Re: OT: Posession (was OT: Re: What? the clean-shaven)
From: | Tim May <butsuri@...> |
Date: | Tuesday, May 20, 2003, 22:30 |
Stone Gordonssen wrote at 2003-05-19 15:44:45 (-0700)
> >Aha! So a conlang urgently needs a syntactical difference between
> >genitive and possessive.
>
> google for material on the conlang "Laadan" by Suzette Elgin - it has
> several types of posessives. I know that some natlangs do too.
>
> >*making notes for next project*
>
> Posession alone can be a huge topic. Months ago, Suzette Elgin and
> I spent days trying to research and explain to a neophite the place
> of the false posessive within the whole context of posession . I
> ended up feeling that actually posession - e.g. "my book" - was
> little more than a minor subset of a much larger and also
> mystifying set of inter-item relationships.
>
I've thought about this a bit myself, and I quite agree. "My home"

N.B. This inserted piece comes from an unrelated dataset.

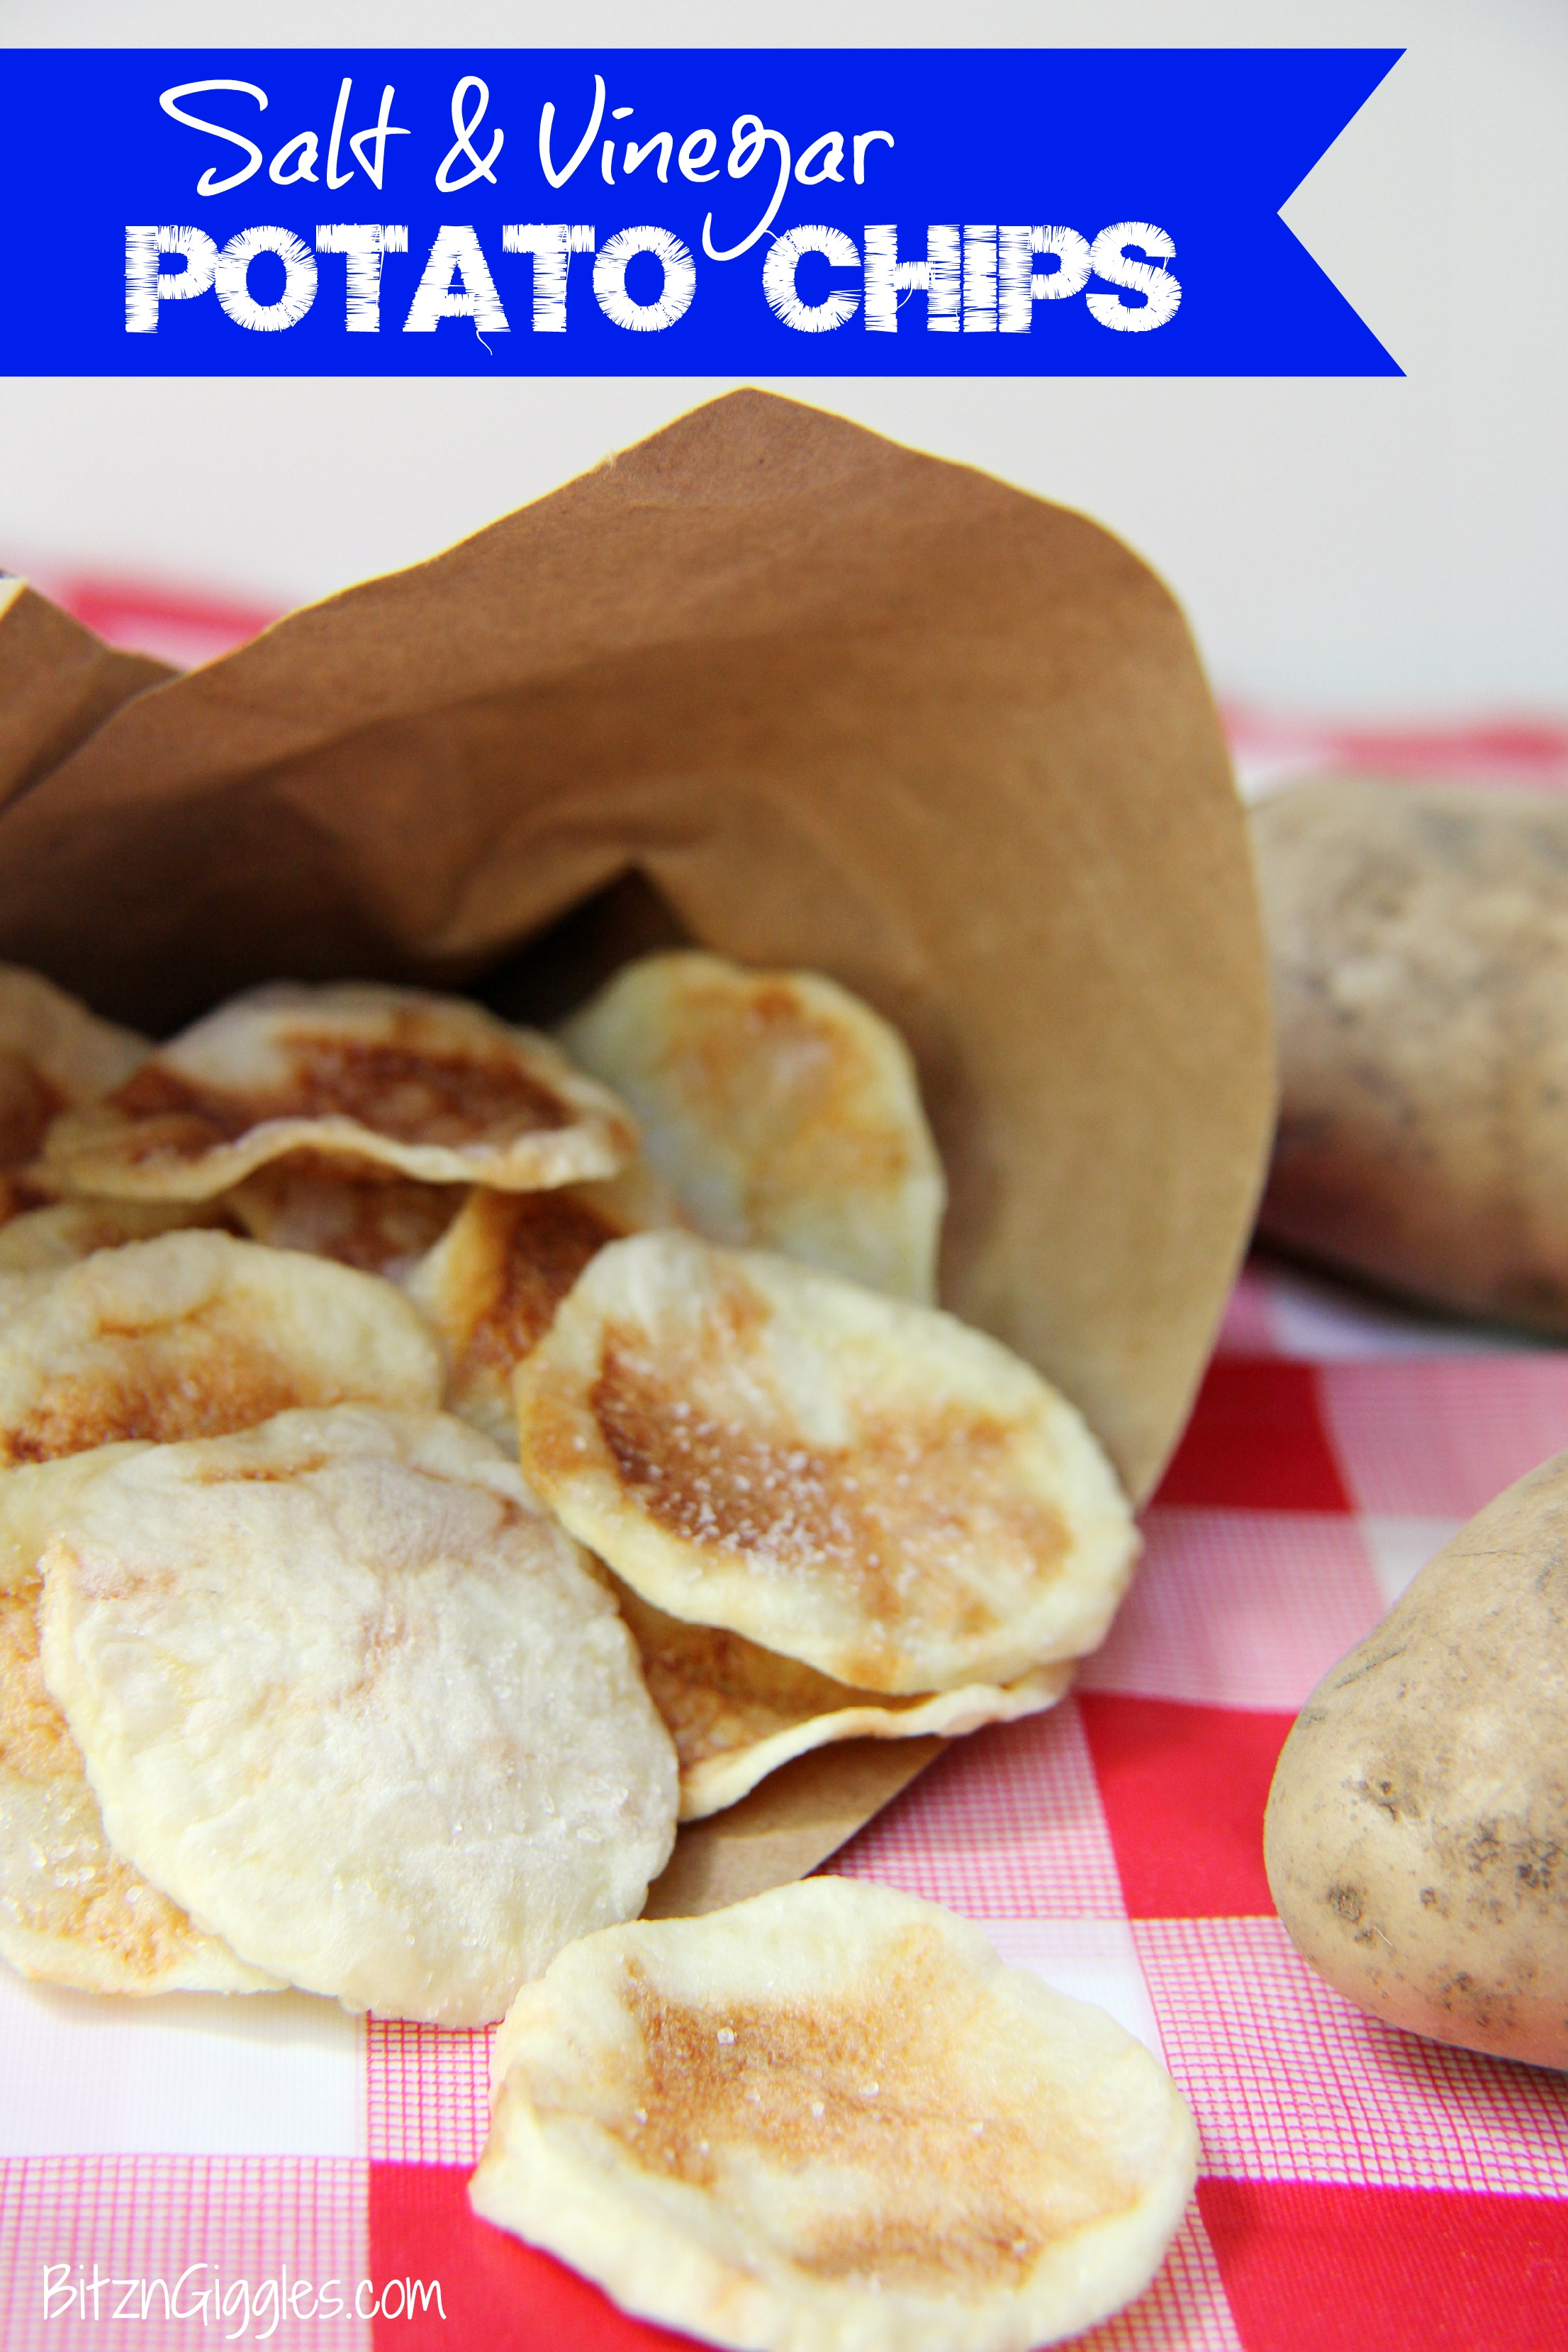 Salt and Vinegar Potato Chips - Bitz & Giggles

"my father" "my murderer" "my victim" "my arm" - the relationship
between possessor and possessed is different for each.
As for natlangs which make a distinction - there's the well-known
opposition between alienable and inalienable possession, made in many
Polynesian and Amerindian languages. In the Amerindian languages
inalienable possessions are often mandatorily possessed, so that it is
grammatically impossible to say "a hand" without specifying at least
an indefinite possessor: "someone's hand". Some notes on this
phenomenon in Tzotzil may be found at this URL:
http://www.zapata.org/Tzotzil/Chapters/chapt4.html#4.5
If anyone can supply details of a natlang making a more specific
possessive distinction than this, I'd be very interested to hear of it.